如何创建包含多个正则表达式的元组列表



因此,我目前正在执行一项任务,要求我们从文本文档中提取电话号码、电子邮件和网站。讲师要求我们将其输出到元组列表中,每个元组都包含初始索引、长度和匹配项。以下是一些示例:[(1,10'9099000008'),(35,16'contact@viva.com')]因为有三种不同的要求需要实现。如何将它们全部放入元组列表中?我已经想到了三个正则表达式,但我不能真正将它们放在一个列表中。
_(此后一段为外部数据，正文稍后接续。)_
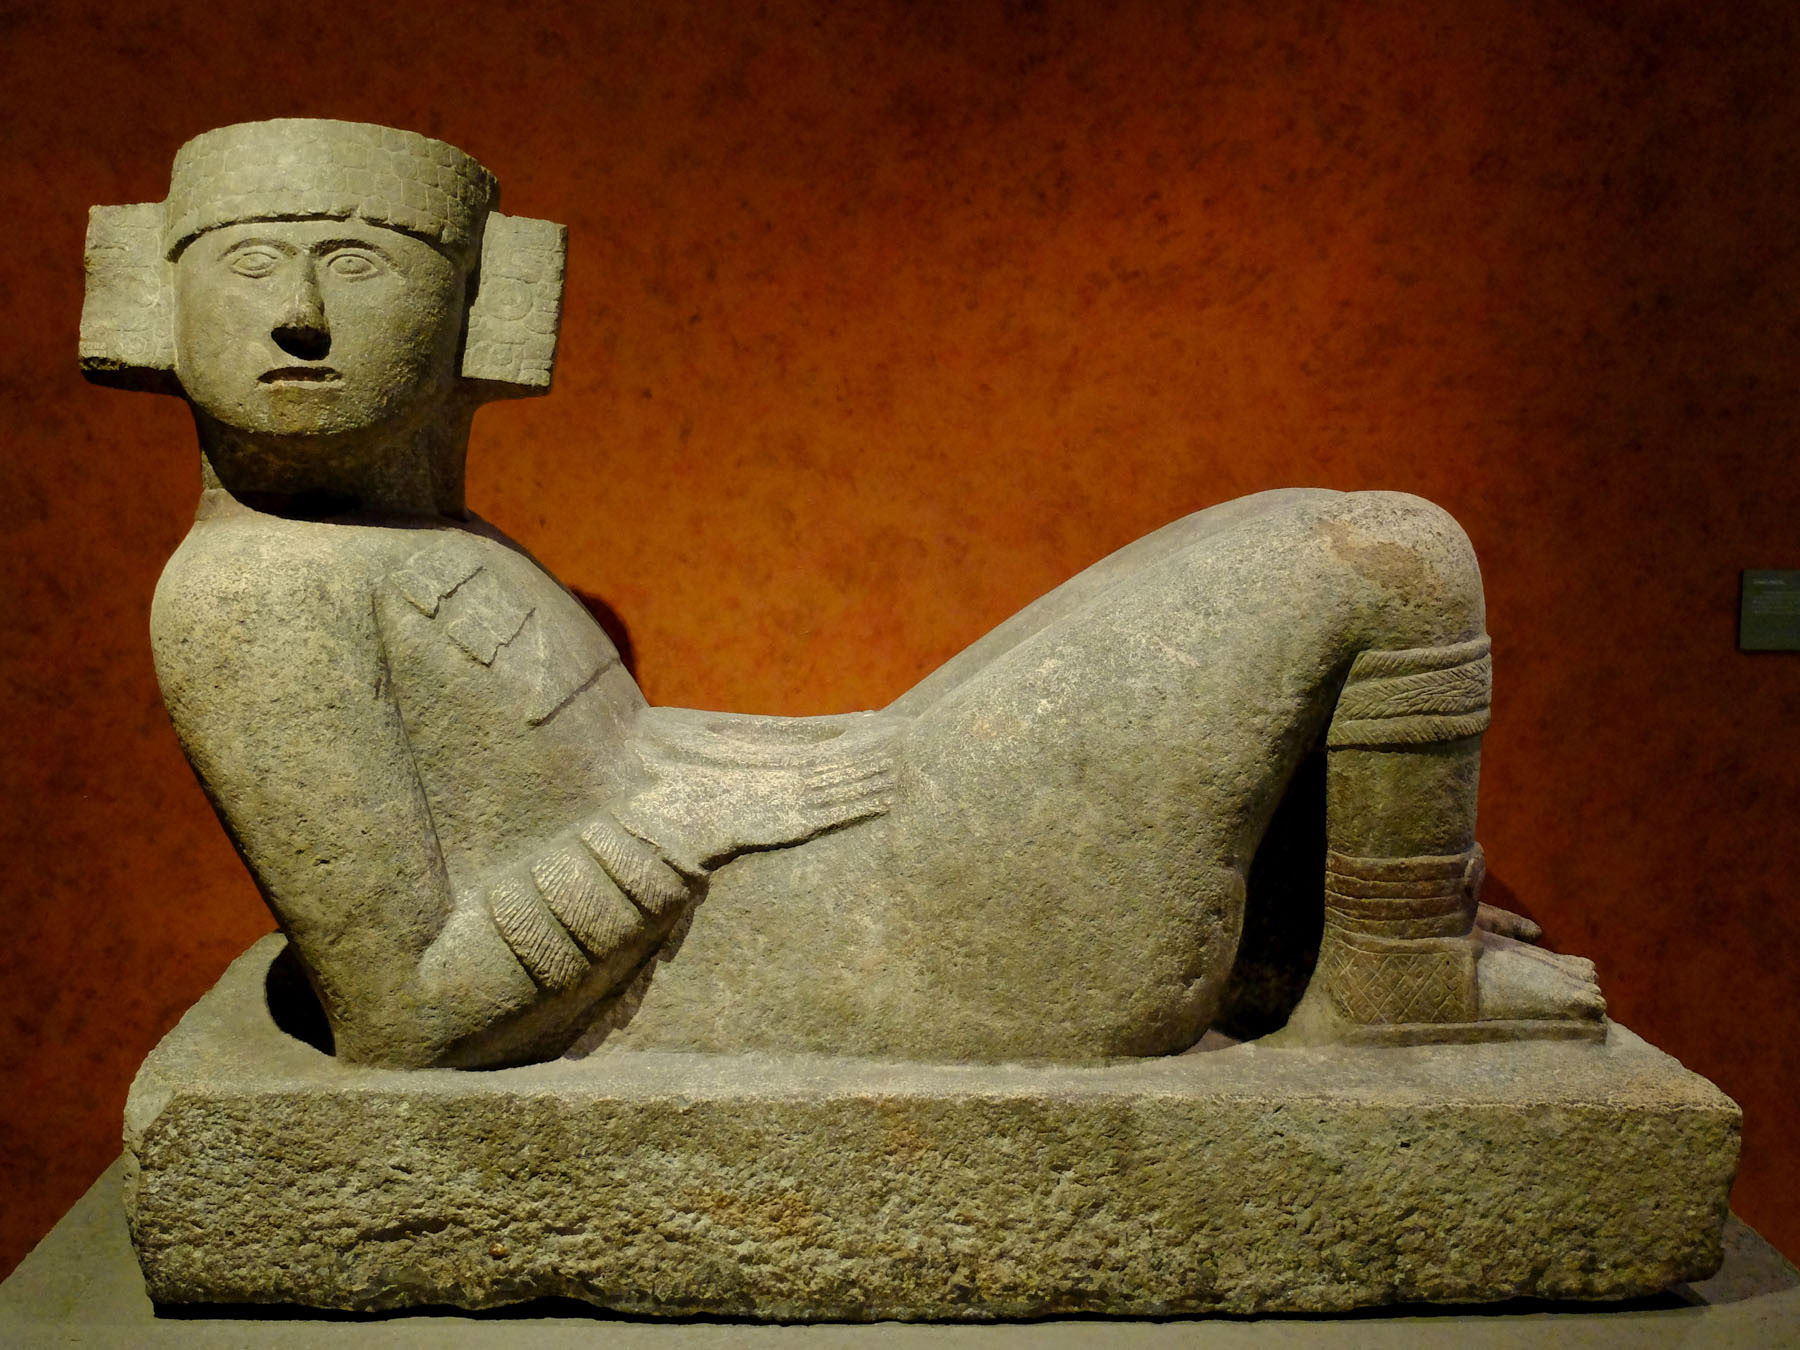 Stone sculpture of a reclining human figure.

我应该创建一个新的表达式来描述这三种情况吗?谢谢你的帮助。

result = []
# Match with RE
email_pattern = r'[w.-]+@[w.-]+(?:.[w]+)+'
email = re.findall(email_pattern, string)
for match in re.finditer(email_pattern, string):
print(match.start(), match.end() - match.start(), match.group())
phone_pattern = r'(?d{3})?[-.s]?d{3}[-.s]?d{4}'
phone = re.findall(phone_pattern, string)
for match in re.finditer(phone_pattern, string):
print(match.start(), match.end() - match.start(), match.group())
website_pattern = '(https?://(?:www.|(?!www))[a-zA-Z0-9][a-zA-Z0-9-]+[a-zA-Z0-9].[^s]{2,}|www.[a-zA-Z0-9][a-zA-Z0-9-]+[a-zA-Z0-9].[^s]{2,}|https?://(?:www.|(?!www))[a-zA-Z0-9]+.[^s]{2,}|www.[a-zA-Z0-9]+.[^s]{2,})'
web = re.findall(website_pattern, string)
for match in re.finditer(website_pattern, string):
print(match.start(), match.end() - match.start(), match.group())

我的输出:

# Text document
should we use regex more often? let me know at 012345678@student.eng or bbx@gmail.com. To further notice, contact Khoi at 0957507468 or accessing
https://web.de or maybe www.google.com, or Mr.Q at 0912299922.
# Output
47 21 012345678@student.eng
72 13 bbx@gmail.com
122 10 0957507468
197 10 0912299922
146 14 https://web.de
170 15 www.google.com,

不是printing而是appending到resultlist然后printit,即更改

print(match.start(), match.end() - match.start(), match.group())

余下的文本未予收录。